Despite the potential contributions of this work, it is not without limitations. Existing literature emphasizes the importance of expanding the study of mental health beyond a clinical perspective and adopting a longitudinal approach. The adoption of a longitudinal approach, since the data used are cross-sectional, is not addressed in this work. Analyzing mental health data from this perspective could allow for conclusions to be drawn from a temporal point of view, which could even enable the establishment of causal relationships. On the other hand, the analysis of an individual’s current mental health status is obtained from self-perceived sources, that is, through validated instruments based on self-assessment of different items. This fact implies that the measurement may not be entirely accurate, so it would be advisable to approach it using clinical or diagnosed data.
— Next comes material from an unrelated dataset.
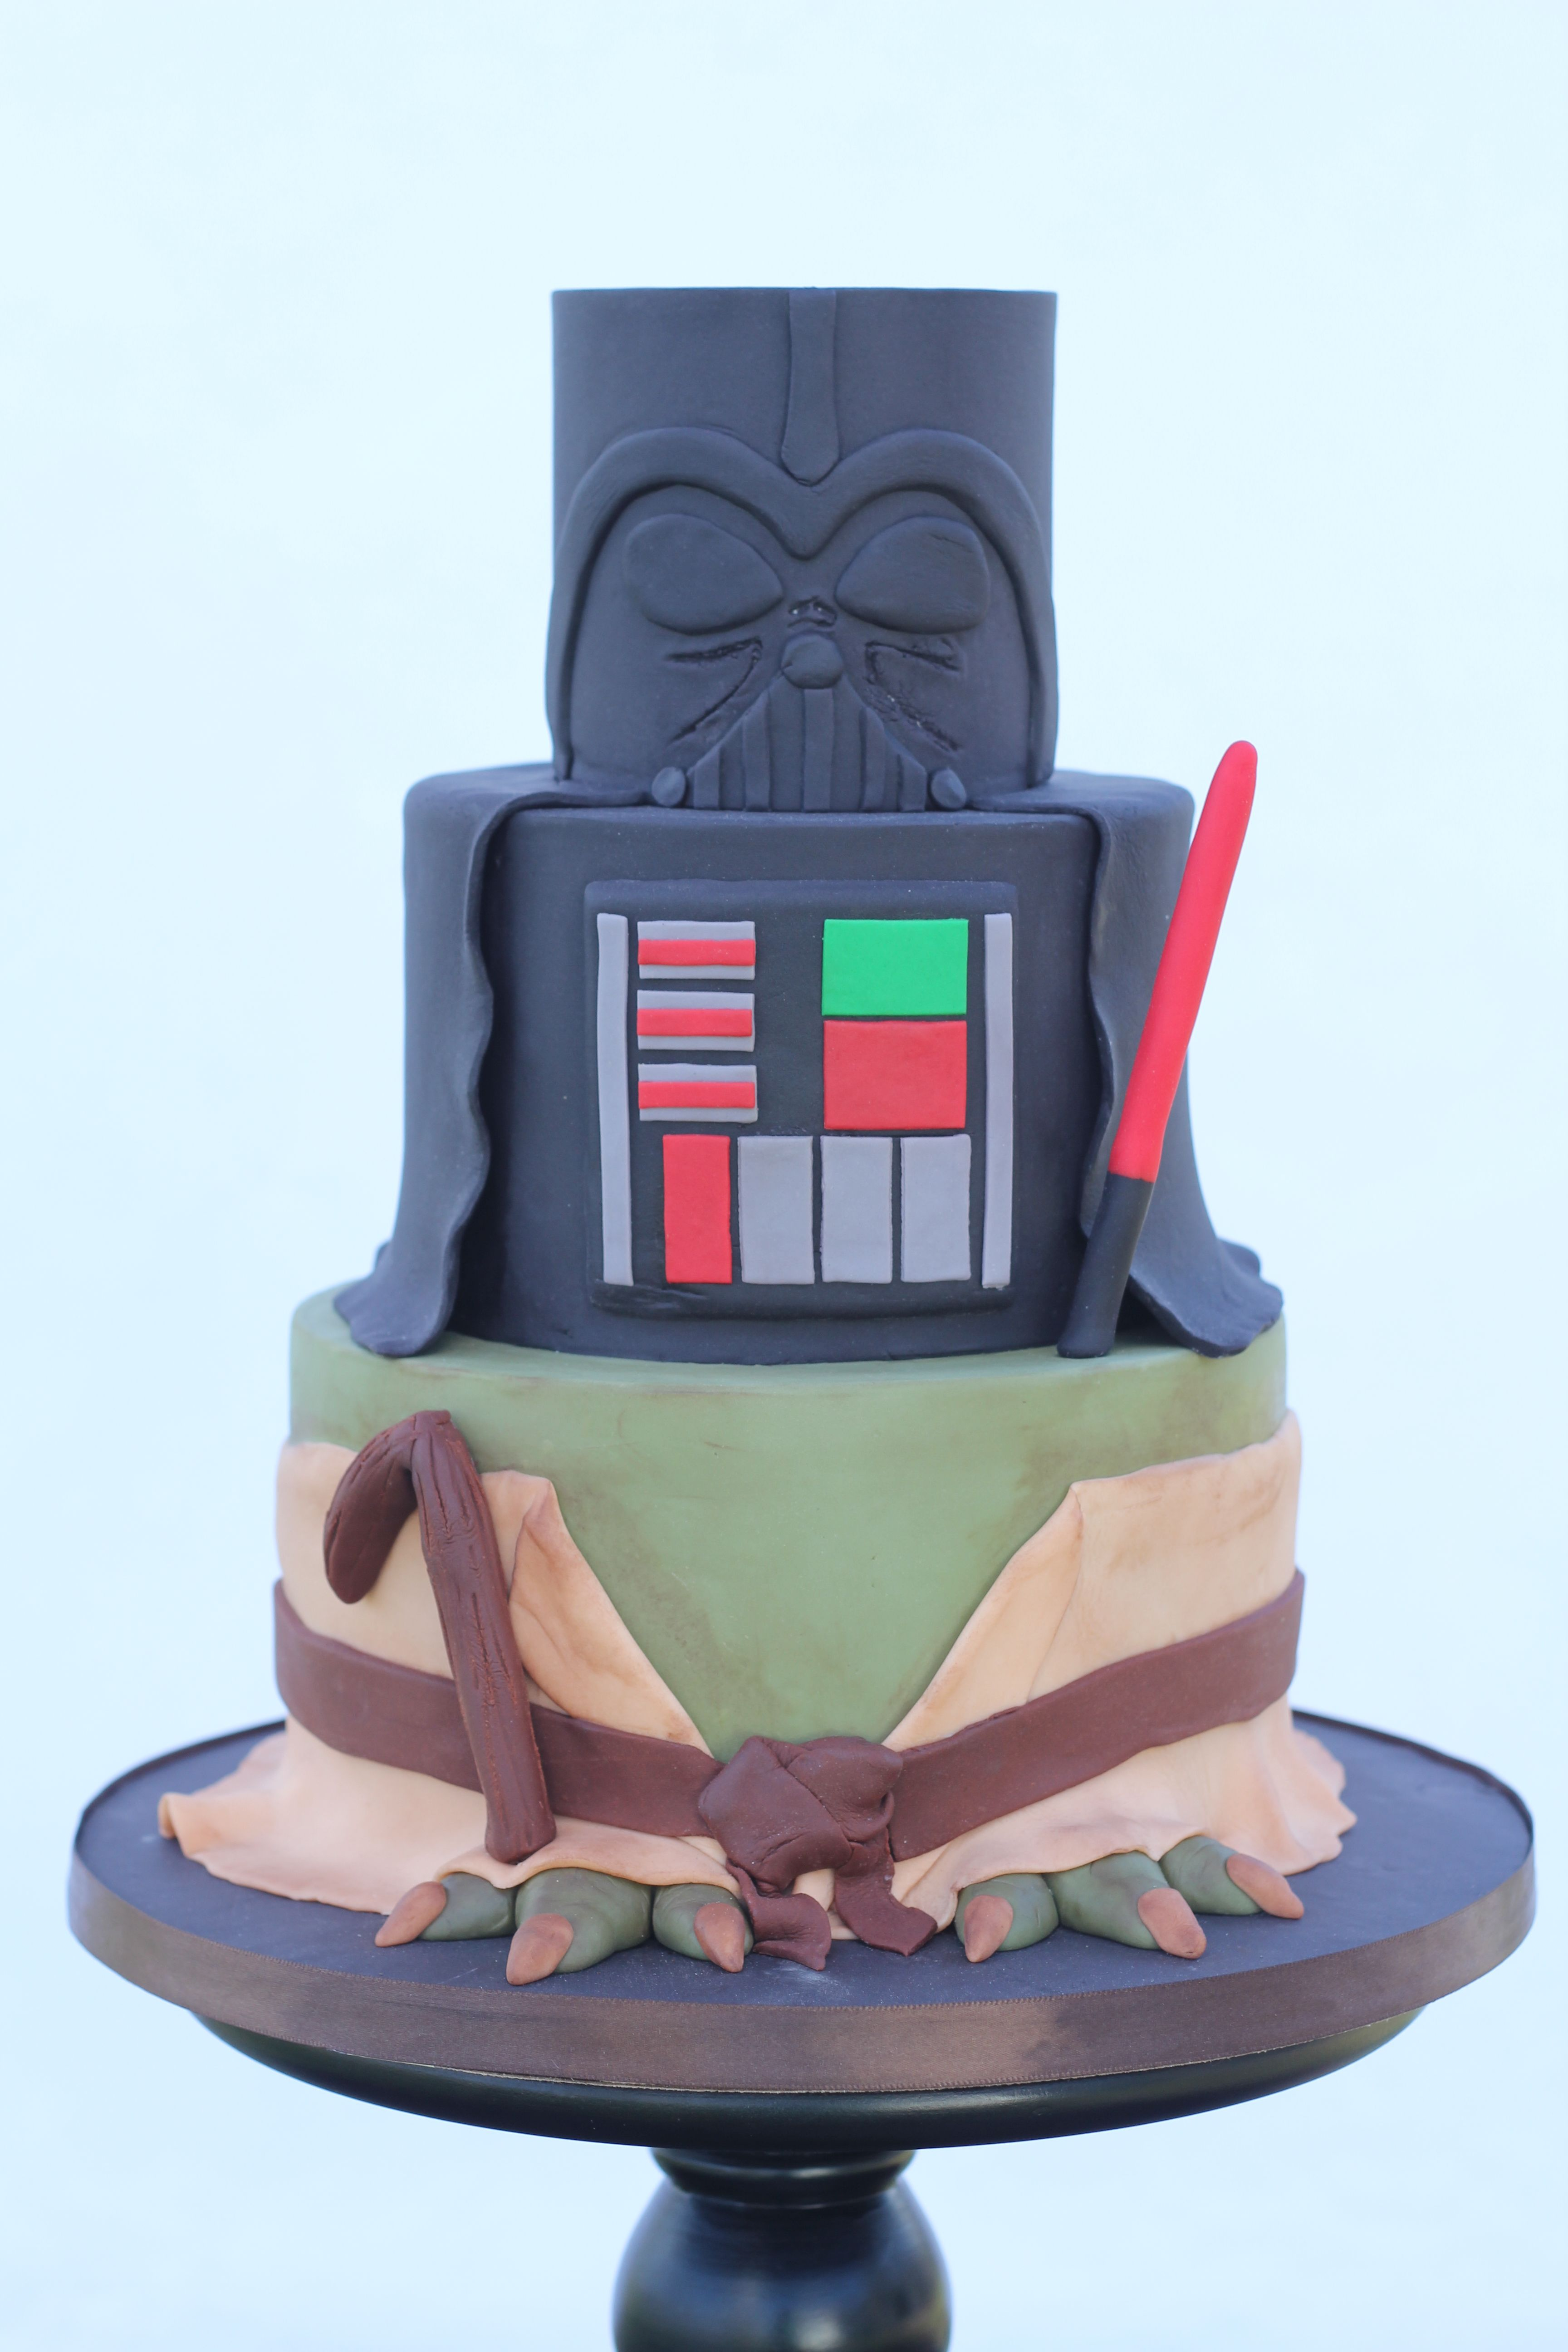 Pleasant Birthday Cakes Star Wars Birthday Cake Cake Cake Design Funny Birthday Cards Online Alyptdamsfinfo

Therefore, extending this work involves incorporating data from different waves of this or other surveys to address this issue from a time perspective.

Conclusions

This paper analyzes the prevalence of depression in the female population of a large number of European countries and determines the impact of characteristics such as unemployment, income, educational level, and age on the prevalence of depression and its severity, based on the estimation of a multinomial logit model for women and a binomial logit model for women with depression. The results obtained make it possible to assess the impact of sociodemographic features that are relevant to mental health and to quantify their effect on the probability of depressive disorder. Moreover, based on the proposal of a measure calculated from ratios between the effects per country and the average effect, it becomes clear that, although the direction of the effect of the different traits is the same for all countries, the size of the effect for the sample of women in each country varies significantly from the average. Precisely, one of the contributions of the paper lies in the quantification of the differences in the impacts of these characteristics in each country.

The analysis is of particular interest because of the prevalence of mental health in women. These differences could be explained by the particularities of the health services and systems in each country, but also by social, cultural, or economic factors in each region. Along these lines, health behaviors, their determinants, and gendered health system responses are three areas where gender influences mental health, as highlighted by the WHO. The consideration of the gender perspective together with the analysis of other socioeconomic determinants, such as those used in this work, reveals the usefulness of this type of study for the proposal of preventive policies.

Across various sociodemographic traits, our analysis reveals distinct patterns influencing mental health outcomes, emphasizing the need for nuanced considerations in mental health research. The interplay between education, age, employment status, and income levels demonstrates the complex relationships shaping the prevalence and severity of depression among women, highlighting the importance of a holistic approach to mental health analysis.

It should be noted that the analysis undertaken illustrates the need to consider policy measures tailored to each country according to the identified traits that generate a higher propensity to experience depression.